=== Supplied records ===

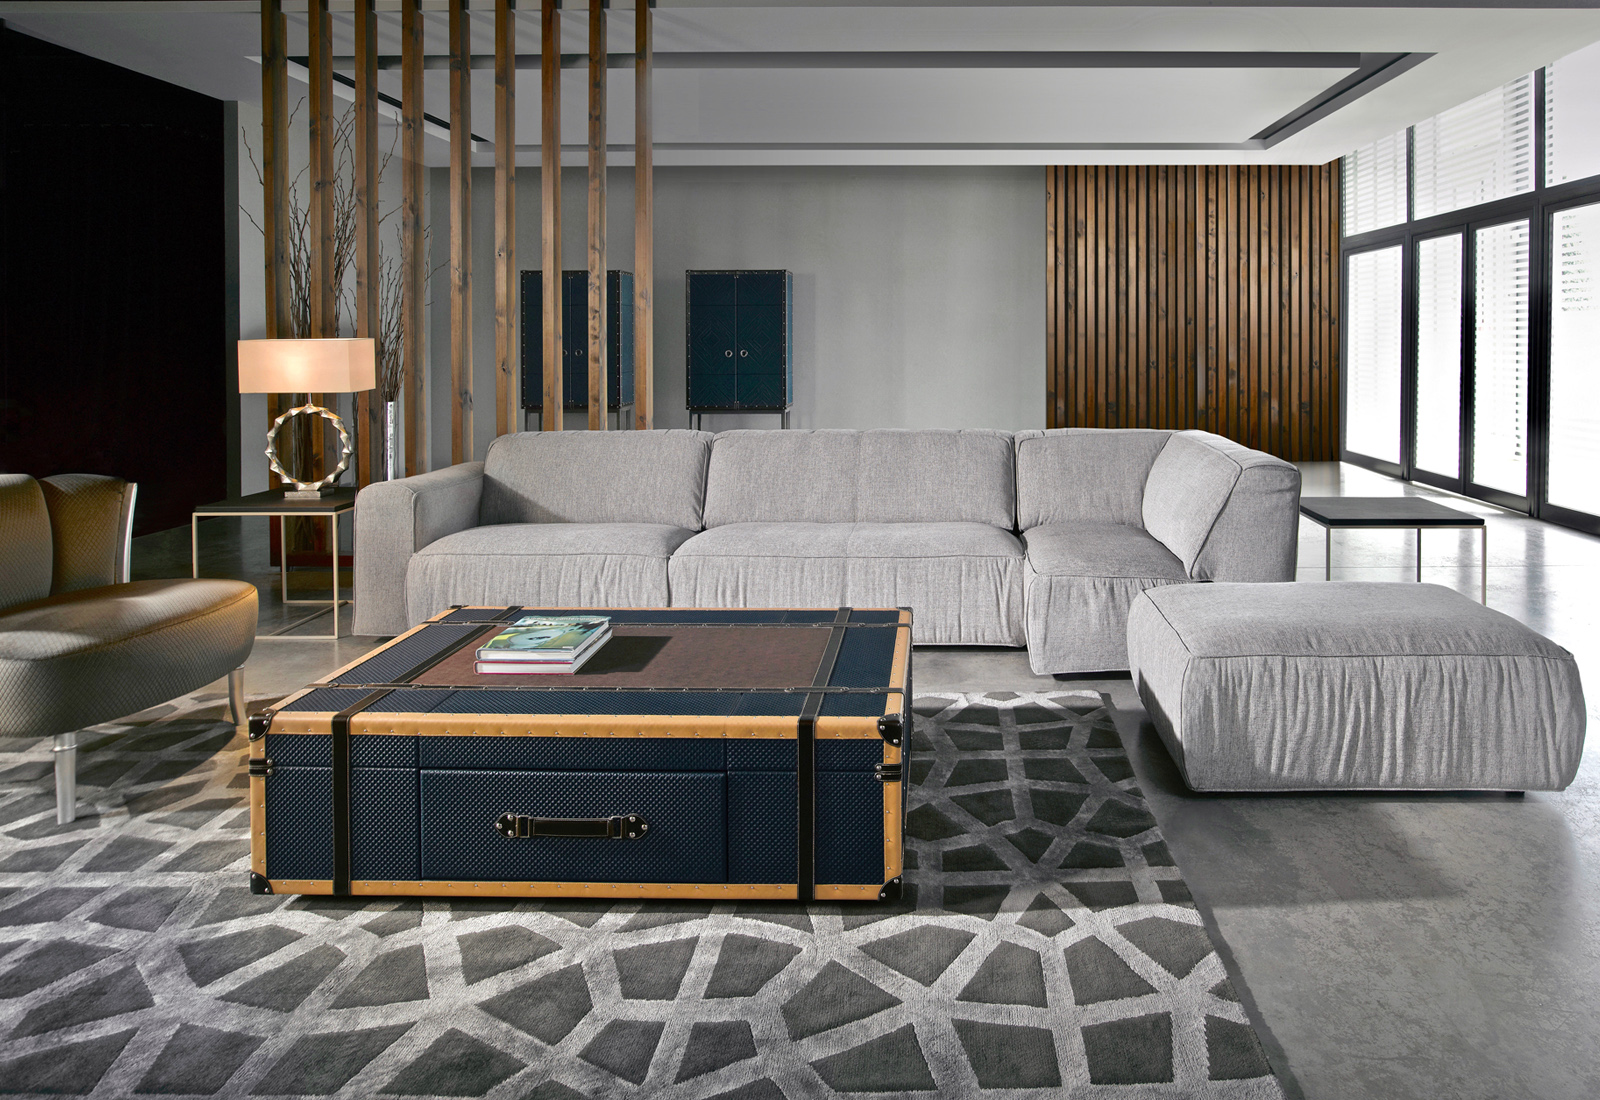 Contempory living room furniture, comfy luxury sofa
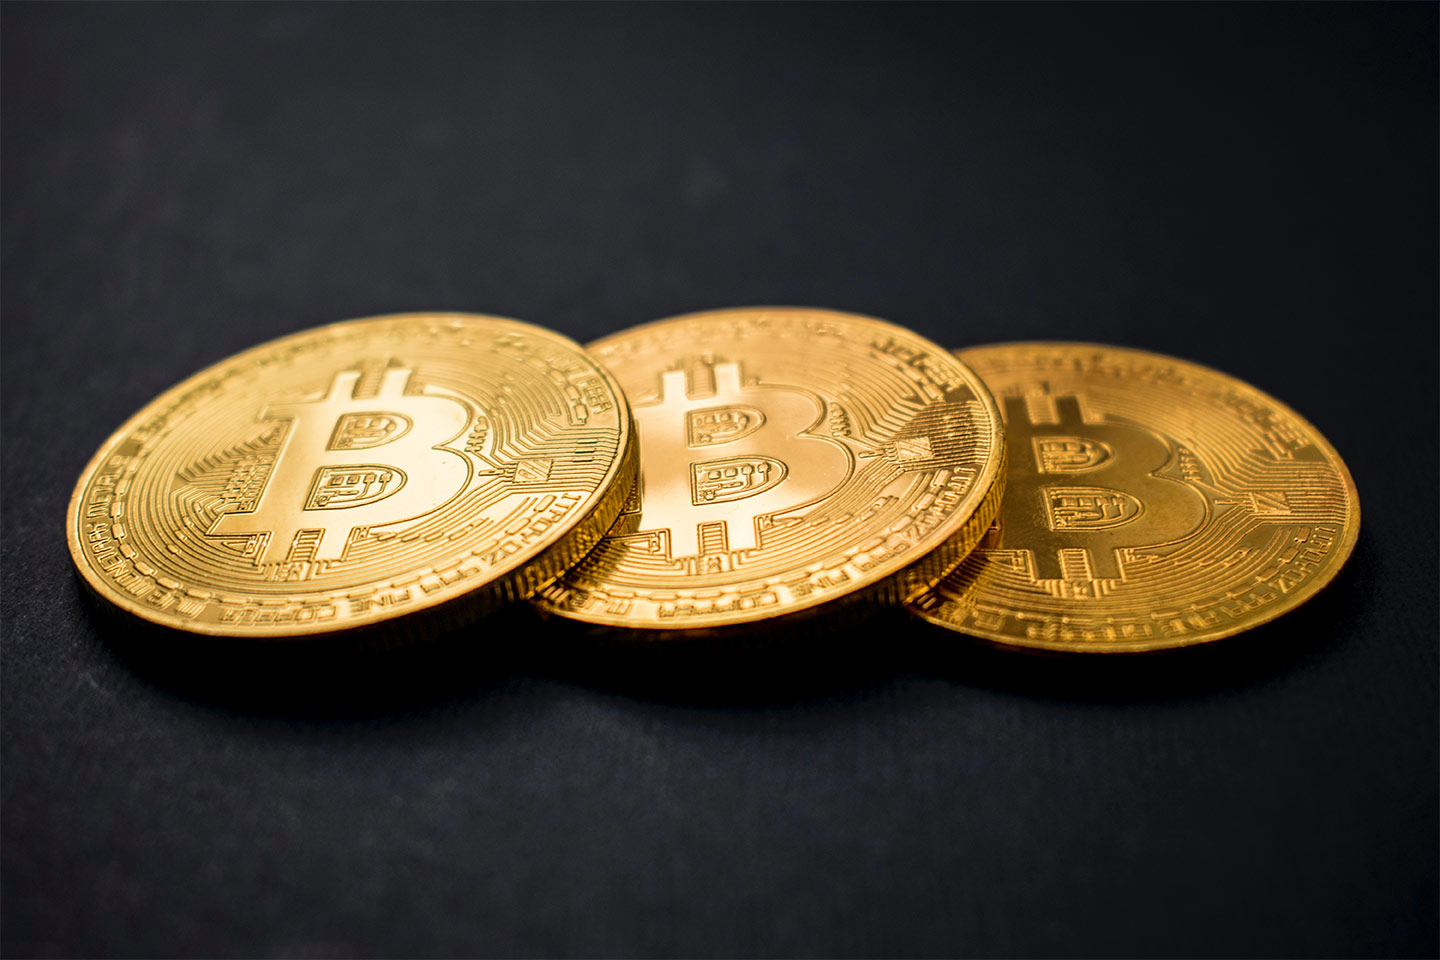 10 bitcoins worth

===
=== Supplied records ===

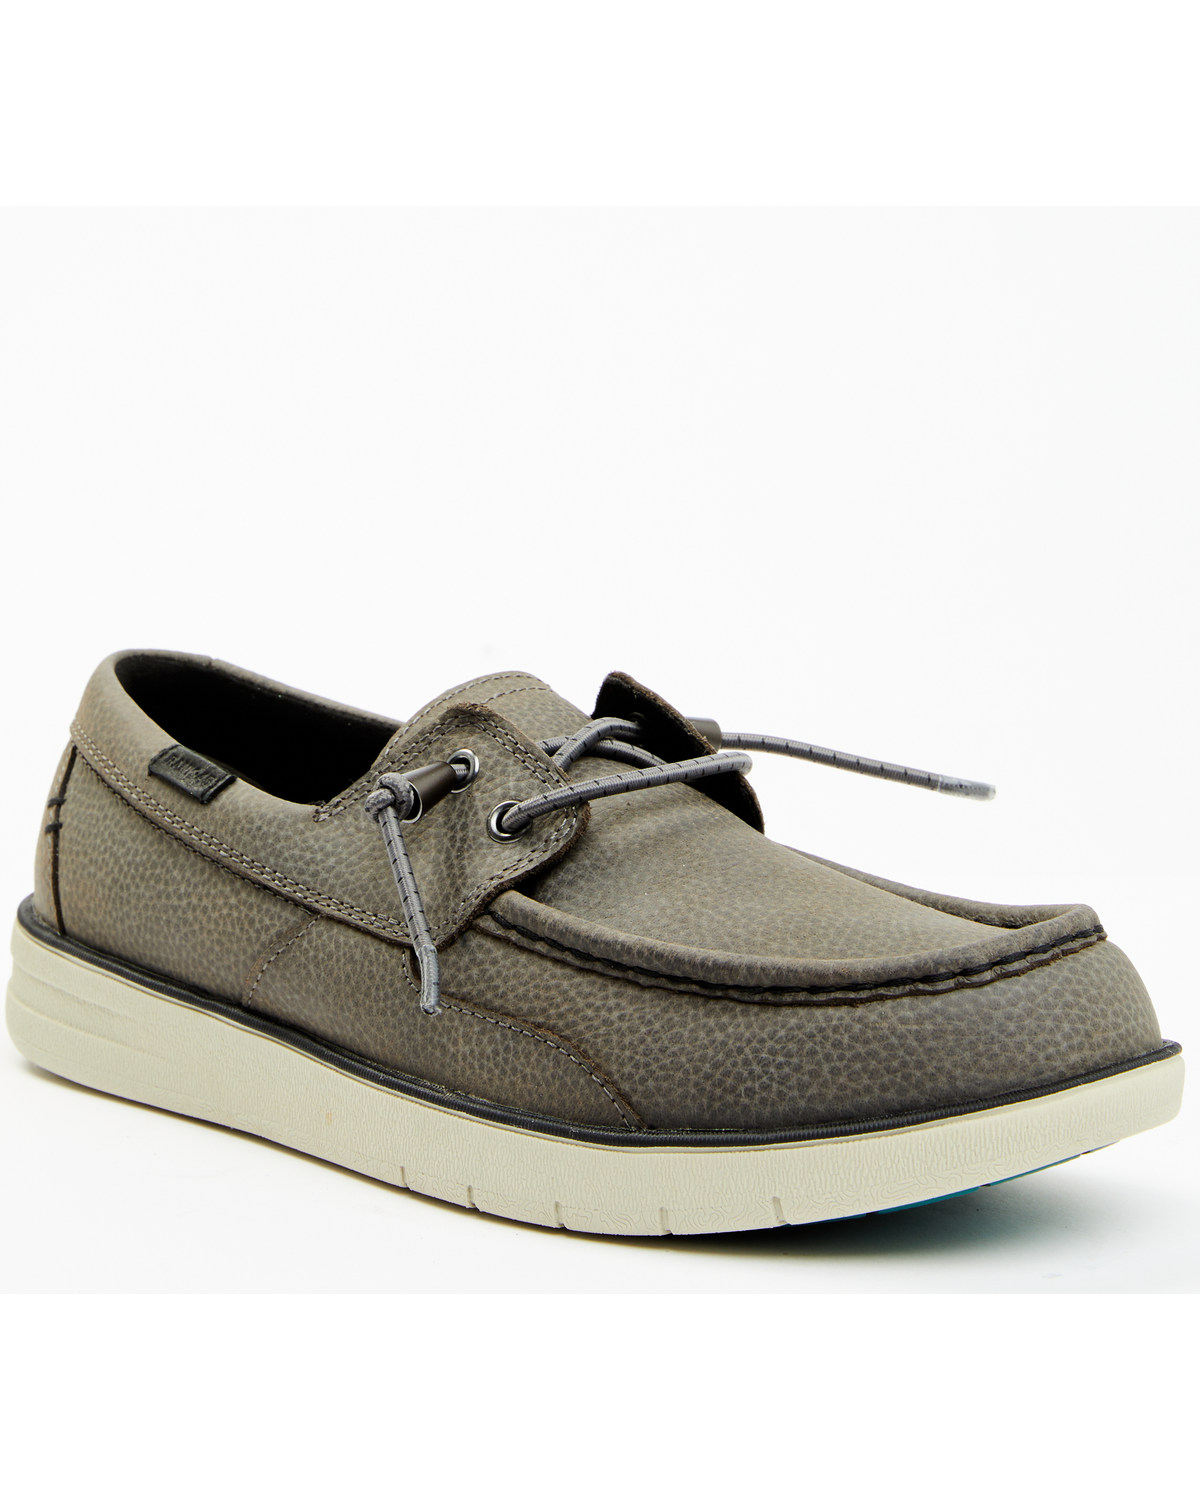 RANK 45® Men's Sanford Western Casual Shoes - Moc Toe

===

Task goal ::
Print, word for word, the lines above that run from the line containing "Contempory living room" to the line containing "10 bitcoins worth", both included. Keep the pictures out.

Solution for this exercise ::
 Contempory living room furniture, comfy luxury sofa
 10 bitcoins worth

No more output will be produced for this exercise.